#### Exercise prompt:
An exact, complete printout of the listing is wanted, minus its images.

** Opening Input data block **

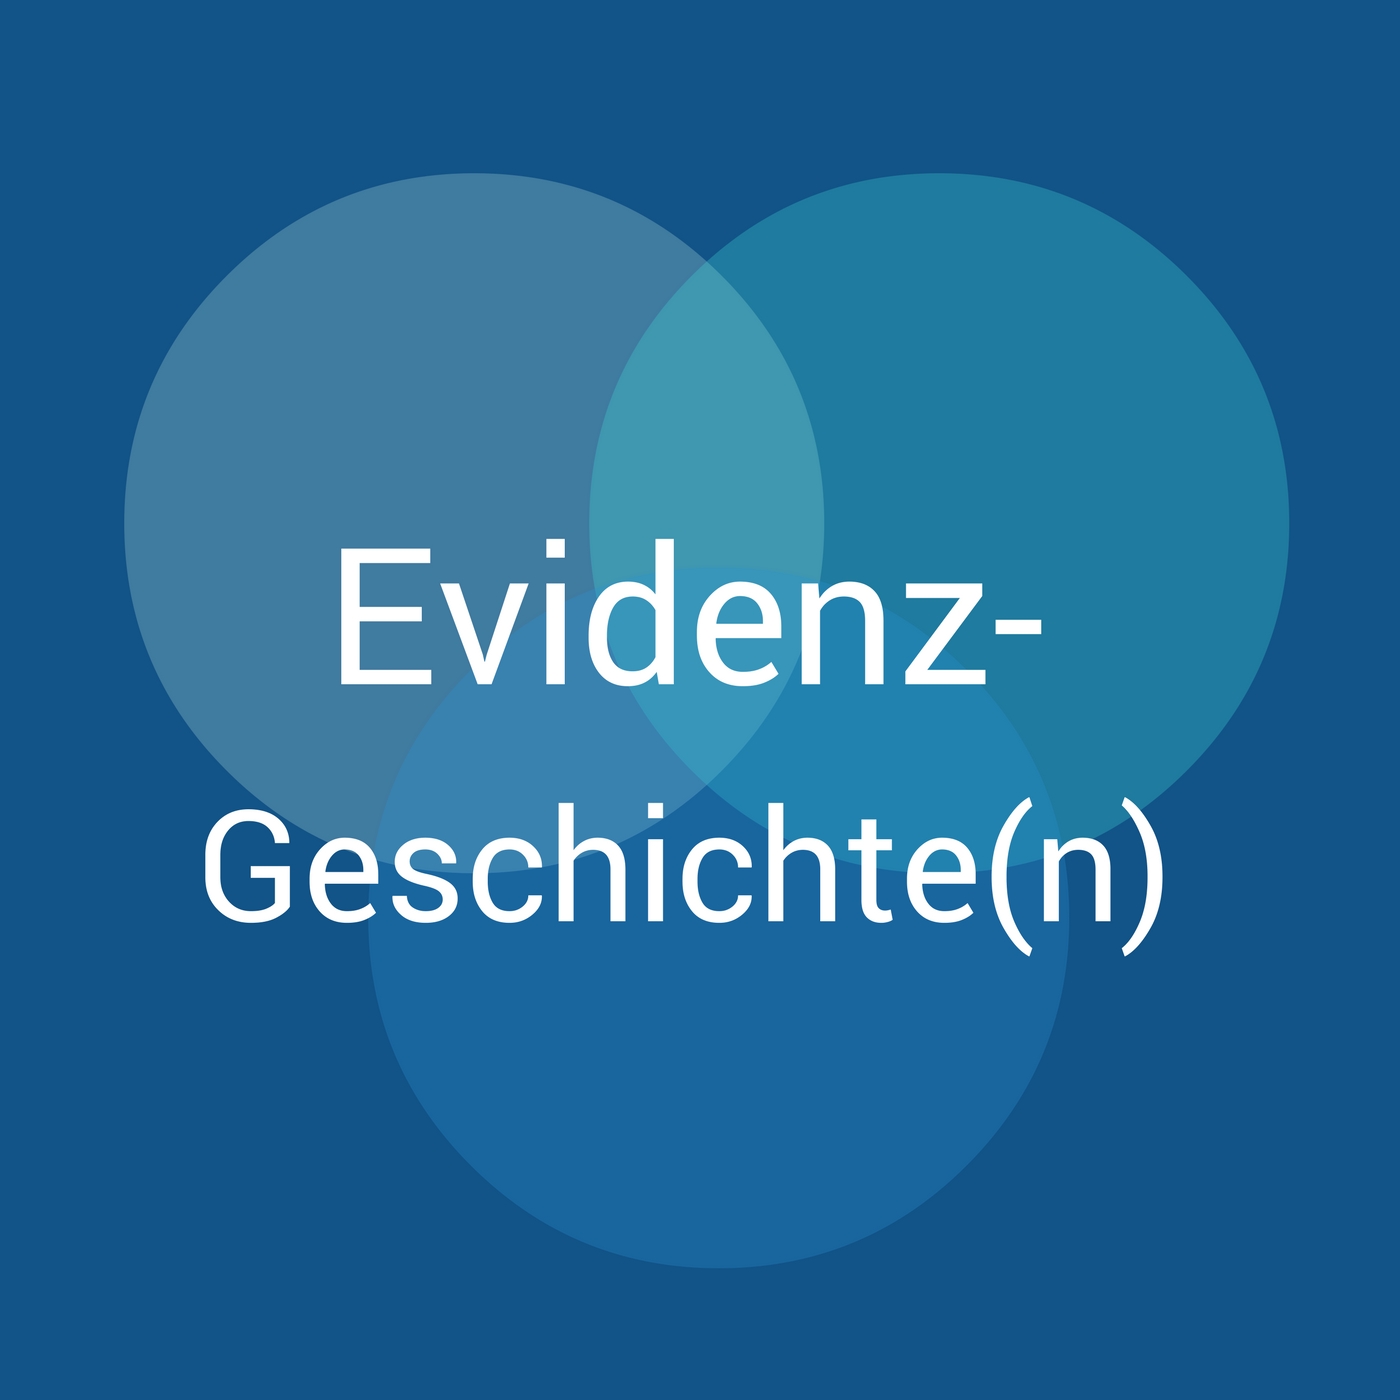 Evidenz-Geschichte(n) - Podcast
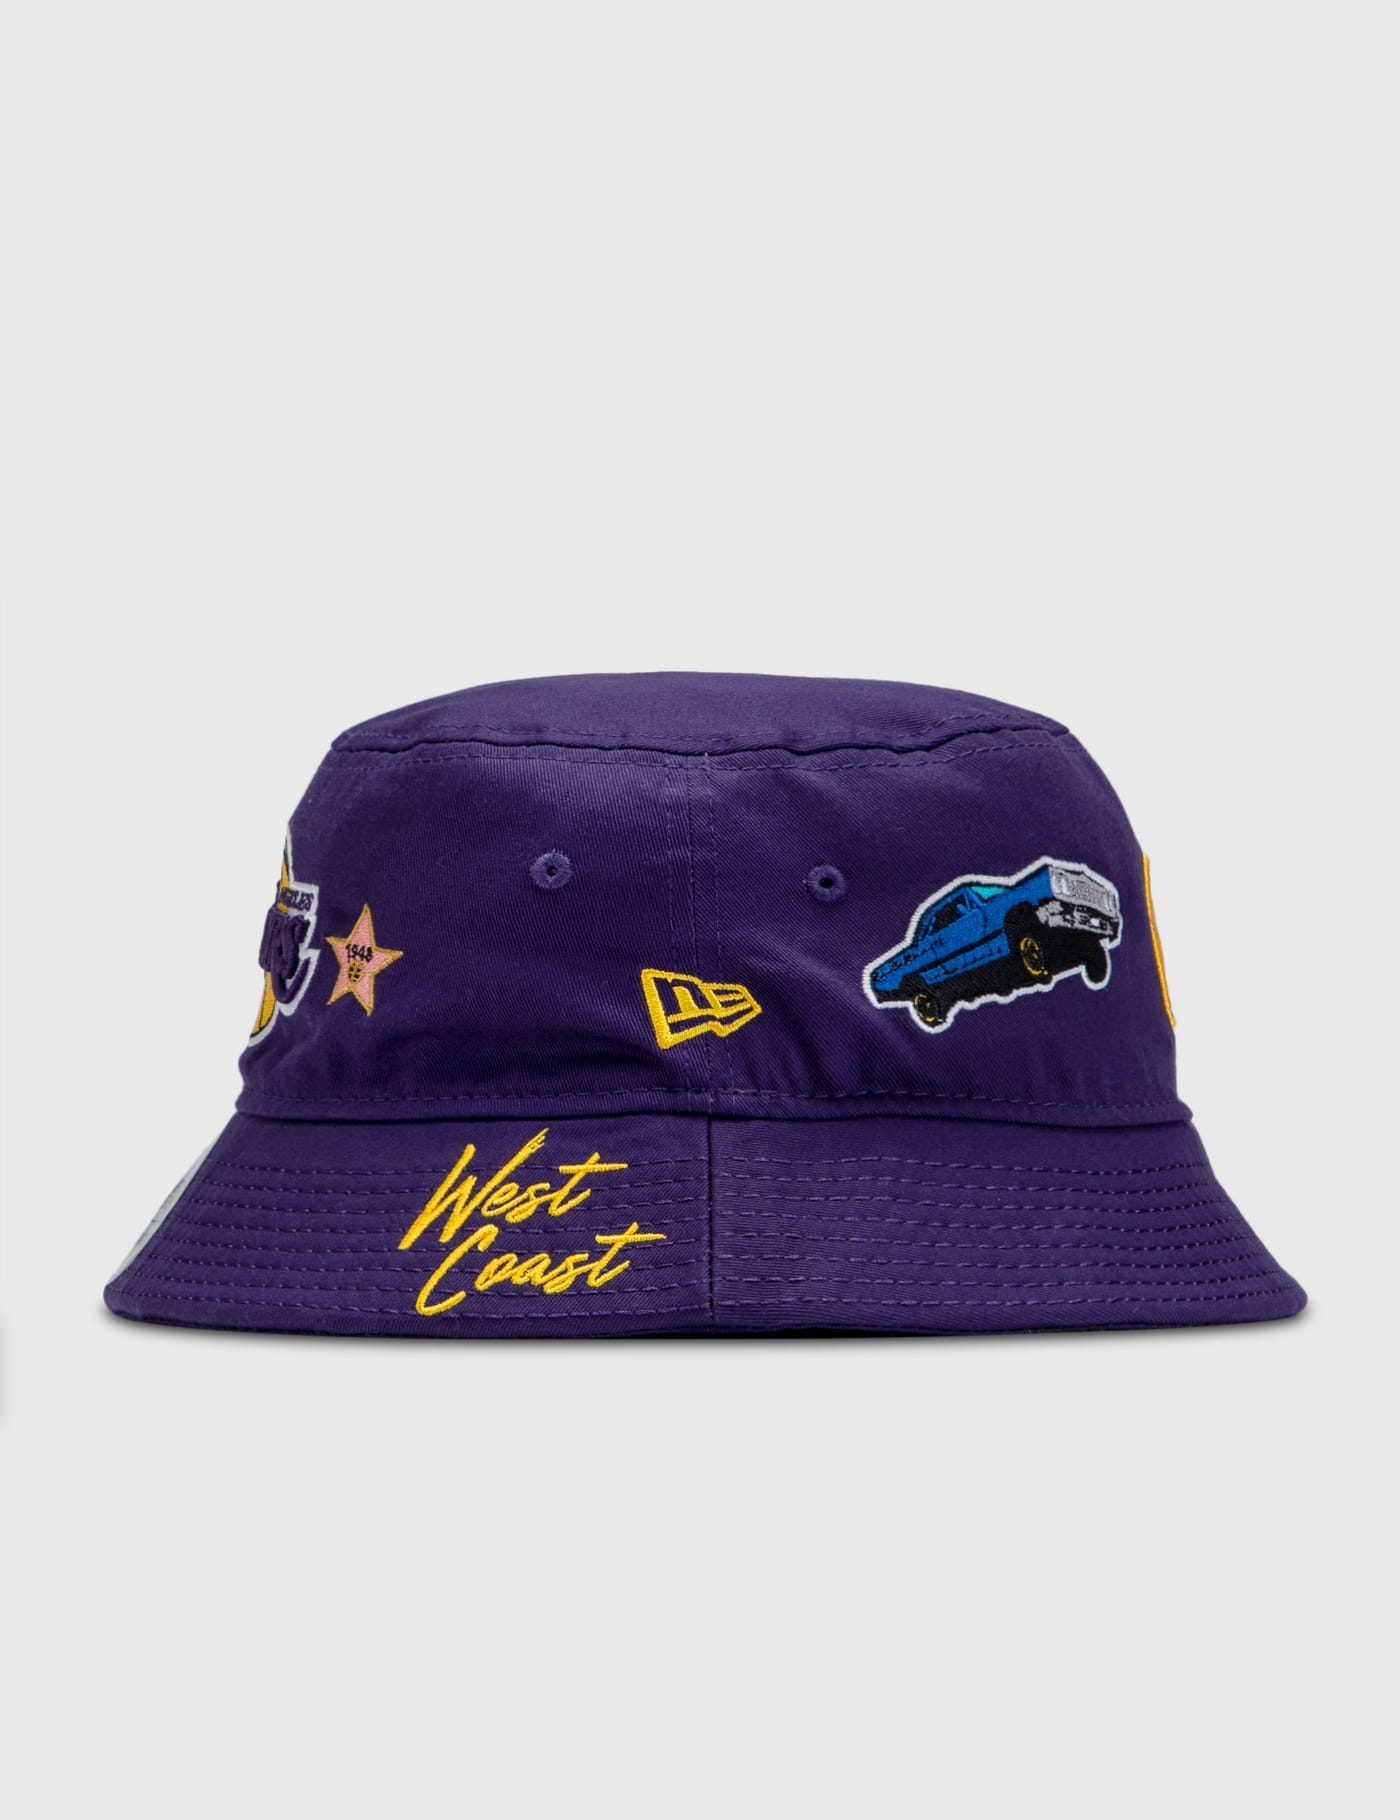 discount 70% Purple Single Camaïeu hat and cap WOMEN FASHION Accessories Hat and cap Purple 
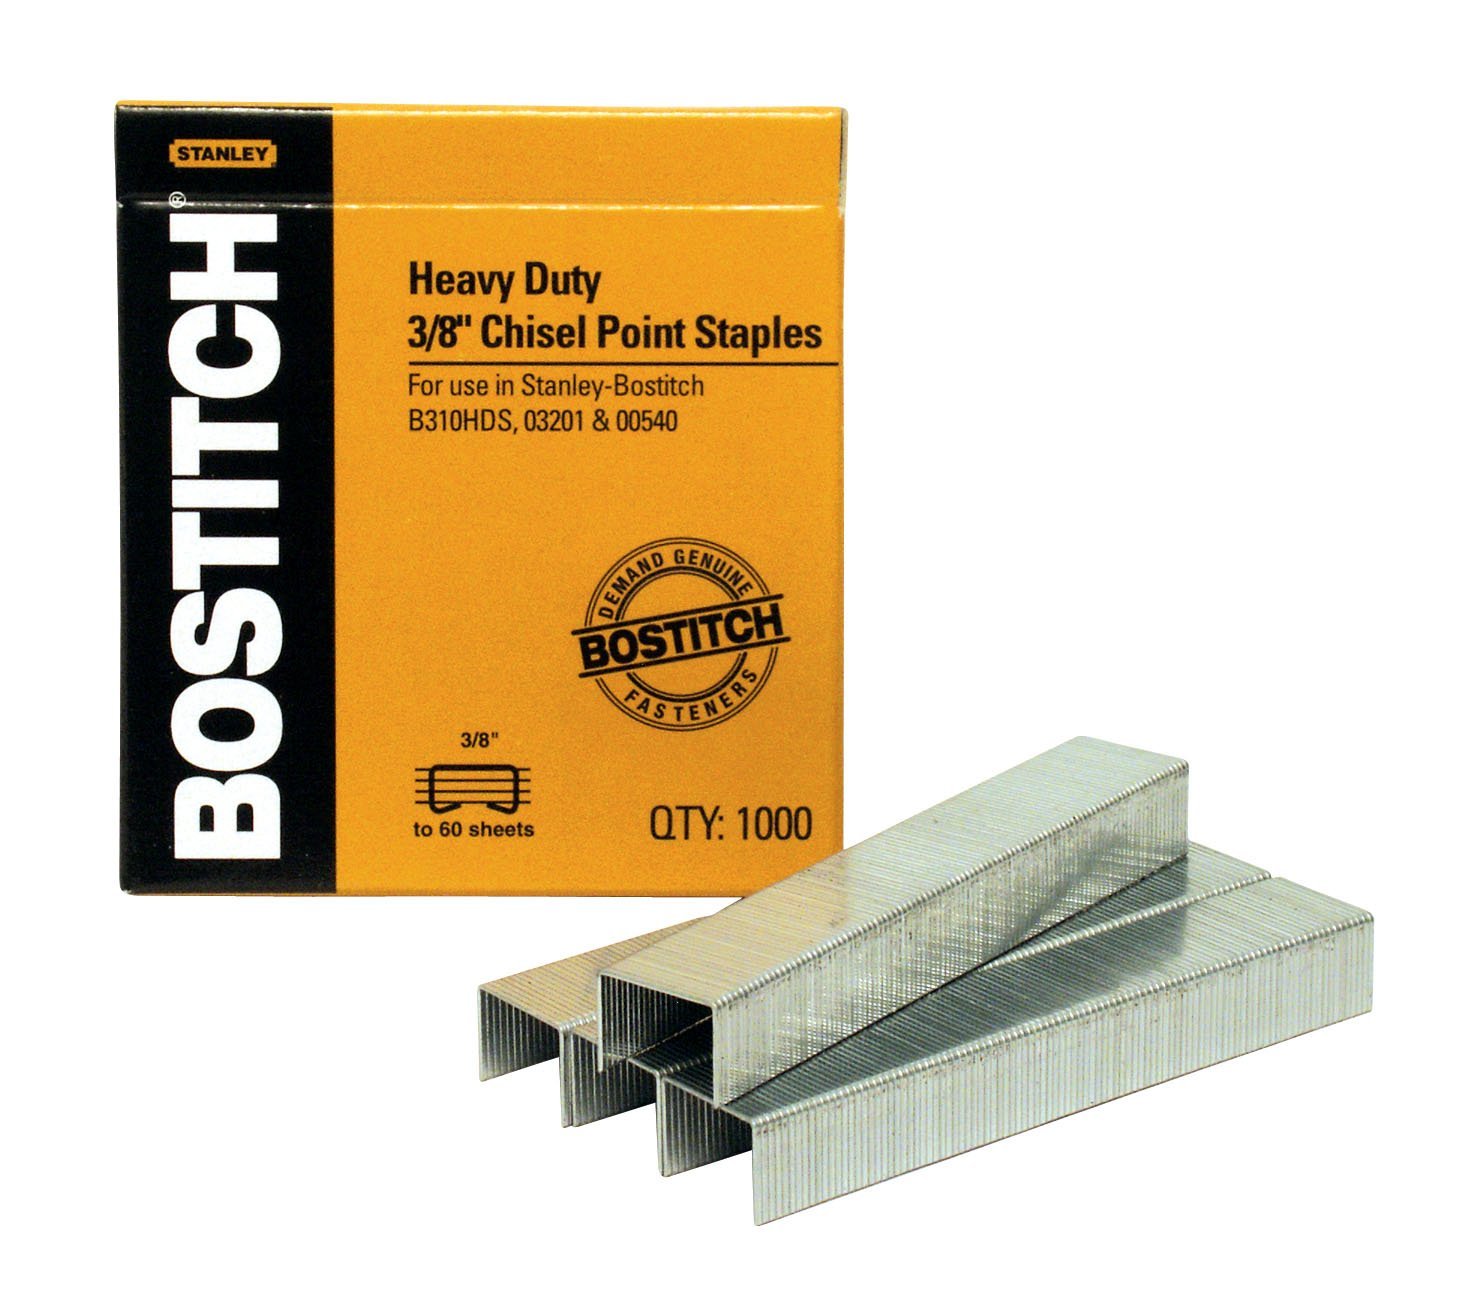 Bostitch Stanley Bostitch SB353/8-1M Heavy Duty Staple Lot of 20,000 20 Boxes of 1,000

** Closing Input data block **

#### Your response:
 Evidenz-Geschichte(n) - Podcast
 discount 70% Purple Single Camaïeu hat and cap WOMEN FASHION Accessories Hat and cap Purple 
 Bostitch Stanley Bostitch SB353/8-1M Heavy Duty Staple Lot of 20,000 20 Boxes of 1,000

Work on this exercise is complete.